C’est un sentiment malheureusement universel. Mais l’histoire, c’est vraiment celle de ma réalisatrice qui l’a vécue par deux fois. Par sa maman premièrement et par sa propre endométriose, diagnostiquée si tardivement. C’est ce qu’on pourrait qualifier de « syndrome méditerranéen », selon lequel les femmes noires sont véritablement rejetées par le corps médical. Et dans son cas, elle a connu cette situation à travers sa maman et par elle-même !
Double horreur… Ta façon d’incarner Anansi, la douleur, est particulièrement fine : on la ressent surtout dans les moments d’absence de ton personnage. C’est très subtil. Est-ce la direction d’Aude N’Guessan Forest qui t’a menée sur ce jeu ?
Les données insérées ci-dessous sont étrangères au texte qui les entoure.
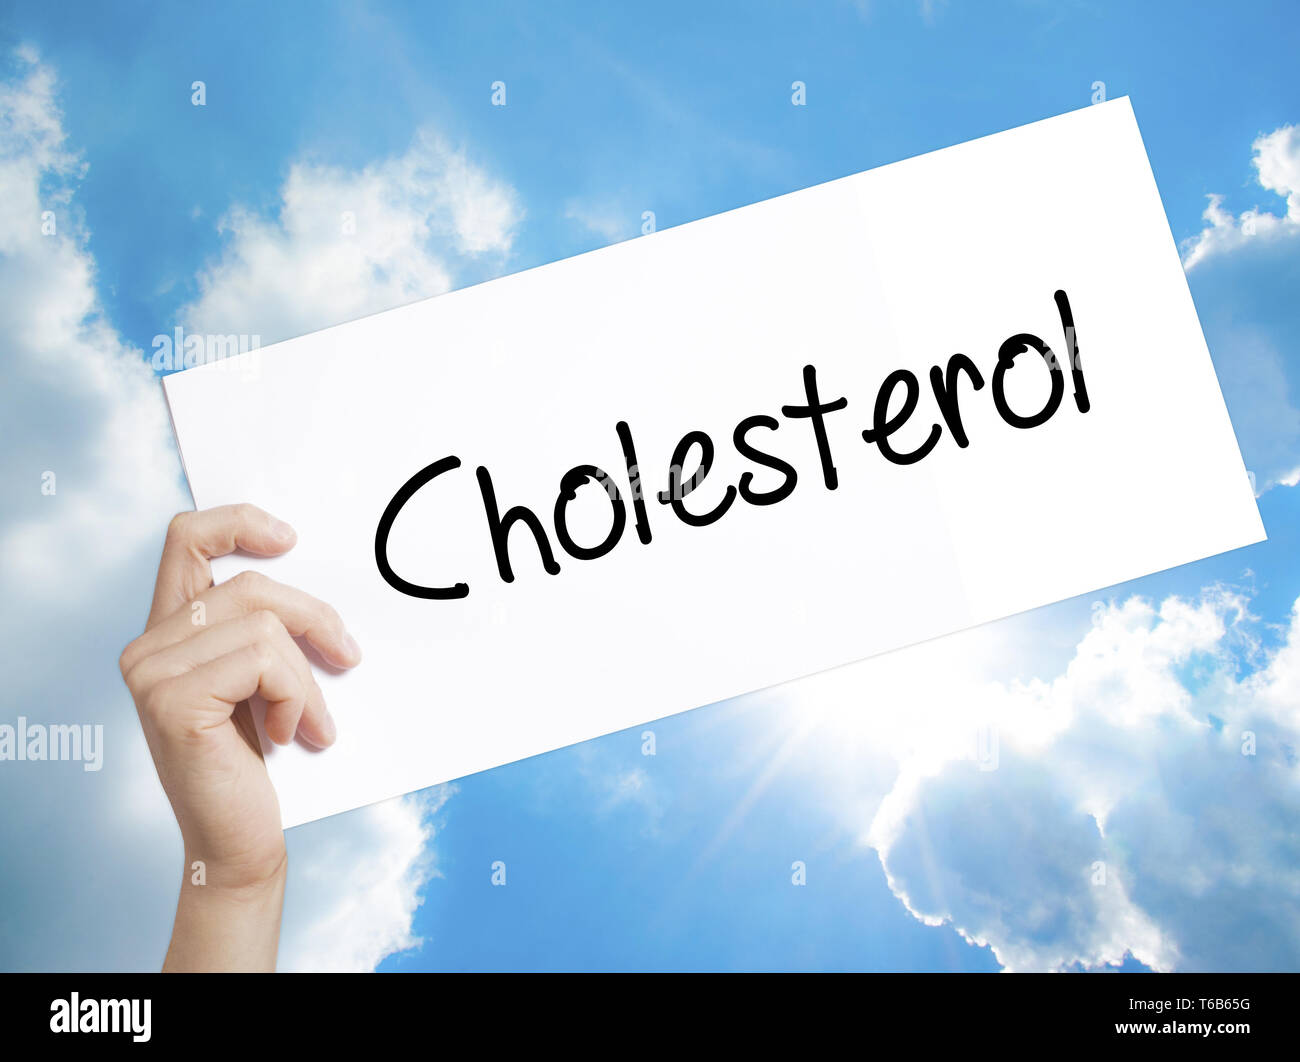 Cholesterol Sign on white paper. Man Hand Holding Paper with text. Isolated on sky background. Stock Photo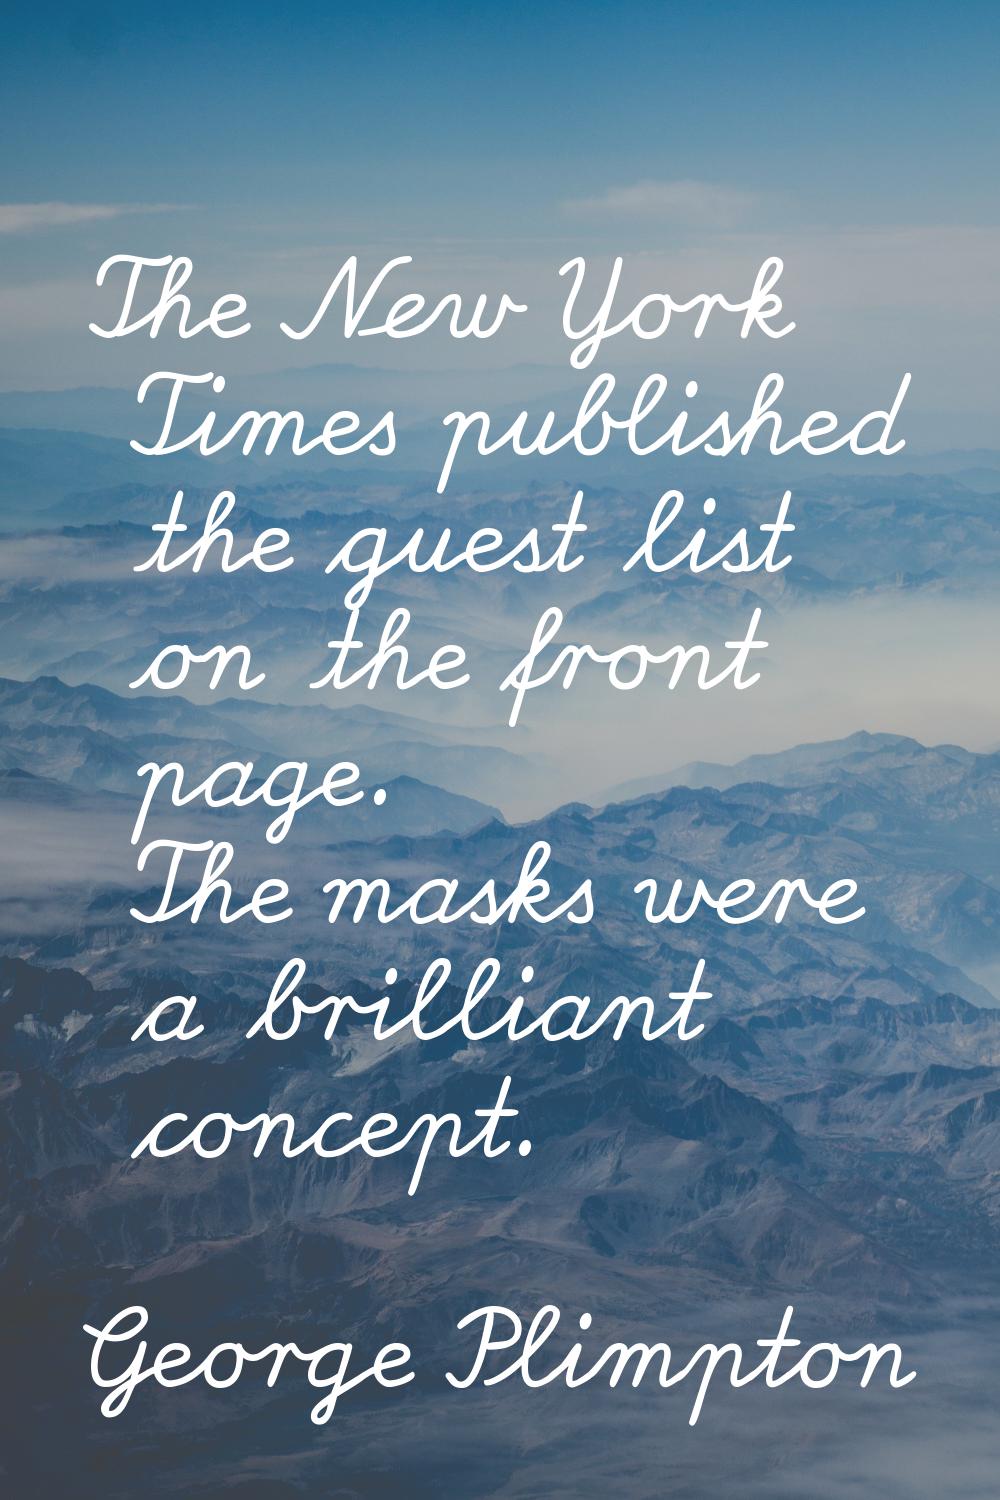 The New York Times published the guest list on the front page. The masks were a brilliant concept.

Aude tenait à ce que la douleur soit contenue. Pour refléter cette tendance que les femmes ont, de prendre sur elles, de cacher leurs douleurs. Pour éviter que l’on pense qu’elles exagèrent par exemple. Aude voulait vraiment que la douleur soit précise : qu’elle soit terrible, mais très intérieure.
La narration prend principalement place dans un salon de coiffure, à l’ambiance si chaleureuse et bienveillante. Est-ce que ce lieu contribue à développer le personnage ?
Bien sûr ! Le but était aussi de dépeindre un personnage très en phase avec ses origines, sa culture, au-delà d’Anansi. Le salon représente pour les femmes noires une sorte de thérapie. C’est souvent tabou d’aller consulter pour parler de sa souffrance par exemple. Alors que le salon de coiffure, c’est un lieu où on parle librement de tout. Les gens sont amusés par ces scènes quotidiennes dans le salon de coiffure. Pour les femmes qui s’y rendent, c’est un point de rendez-vous où l’on parle, où l’on reste pendant des heures. Donc effectivement, le cadre contribue pleinement à l’immersion à la fois en tant qu’acteur et en tant que spectateur selon moi.
Et toi, comment es-tu passée de spectatrice à actrice ?
J’ai toujours voulu faire ça. Peut-être pas pour les bonnes raisons au début d’ailleurs. Mais ça ne fait rien, car j’ai mûri depuis ! Lorsque j’observais les actrices, je les voyais dotées d’une liberté qui me paraissait inédite. Je me demandais comment elles étaient capables de faire passer autant d’émotions. Je les voyais sur les tapis rouges, j’étais subjuguée. À l’époque, elles représentaient pour moi une forme de confiance en soi impensable. Ce n’est pas banal quand je dis ça. Plutôt comme une libération intérieure pour arriver à une sorte de sublimation de sa propre personne. J’ai pensé « c’est ça qu’il me faut » : pouvoir dire ce que je pense, me mouvoir comme je le sens, être libre.
En premier lieu, j’ai commencé par une année aux Cours Florent, et puis j’ai continué à l’association 1000 visages d’Houda Benyamina. Ça a été un tremplin, j’ai beaucoup appris là-bas !
Si tu devais évoquer le souvenir d’une personne qui a initié quelque chose en toi, d’un point de vue cinéma, qui serait-ce ?
Comme ça, j’évoquerais deux personnes : mon agent actuel, que j’aime beaucoup parce qu’il me pousse artistiquement parlant. Et puis je pense inévitablement à mon professeur pendant l’année du Cours Florent. J’ai eu beaucoup de chance de tomber sur Marc Voisin. Il a su nous diriger et nous recadrer à une période où on se laissait un peu aller, sans véritablement s’approcher de notre but, en tant qu’étudiants.
On faisait beaucoup la fête, on ne prenait pas les choses assez au sérieux. Alors, il nous a remis à notre place. Il nous a fait comprendre que le métier ne se résumait pas aux heures de cours que nous avions. Que les gens ne viendraient pas nous chercher, que personne n’a besoin de nous dans le milieu. Que si on ne se bouge pas nous-même, on n’ira nulle part. Ce qu’il nous a dit ce jour-là, n’est pas tombé dans l’oreille d’une sourde. Je suis bien reconnaissante pour ce remontage de bretelles ! Finalement, me voilà en festival, à défendre un film dont je suis fière (rires).